The money comes from asset management giant Mercia which has ten offices around the UK. Its MEIF Proof of Concept & Early Stage

Fund has made the investment in COHO, whose CEO Vann Vogstad (main pic, centre).

He came up with the idea of an online property management platform just for HMOs after living in house shares in Birmingham when he was a student.

COHO, which is unique within the housing tech space, is hoping to accelerate the growing trend for co-living amongst people of all ages.
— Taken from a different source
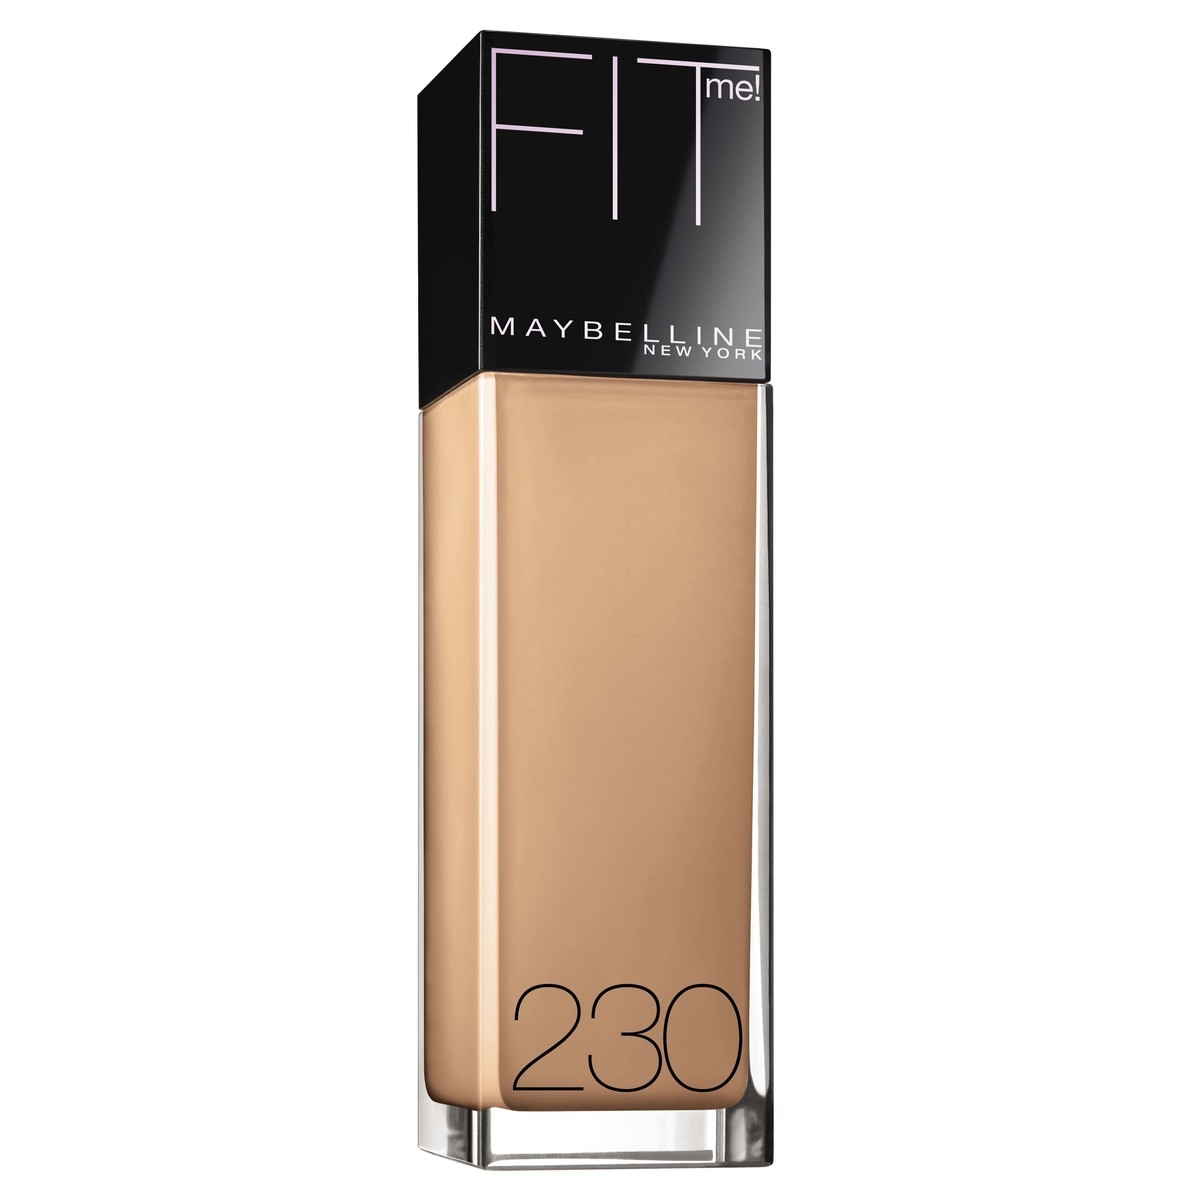 Maybelline Fit Me Foundation - Natural Buff 230

It allows property investors to manage their portfolio and tenants to find a suitable house share with like-minded people.

The platform, which Vogstad co-founded with Liam Cooper last year, has since then signed up 80 landlords.

The funding will allow the Worcester-based company to expand the team with the addition of five new jobs and develop a host of new features to improve the management of shared living.

Mainstream

“By making house sharing easier to manage for both landlords and tenants, COHO aims to bring it to the mainstream,” says Vogstad.

“The support of our investors will enable us to move forward at a much faster pace to achieve our ambition of making shared living more accessible to both property investors and tenants, and become the Airbnb of house shares.”

Kiran Mehta, Investment Manager at Mercia, says: “The property management sector is ripe for innovation with many landlords, in particular those with HMOs, having to patch together multiple management tools.

COHO offers a one-stop shop for property management. Vann and the team have carved out a strong niche in the HMO market and have plans for some exciting additions to the product roadmap.”

©1999 – Present | Parkmatic Publications Ltd. All rights reserved | LandlordZONE® – HMO platform raises £275,000 as it bids to become ‘Airbnb for house sharing’ | LandlordZONE.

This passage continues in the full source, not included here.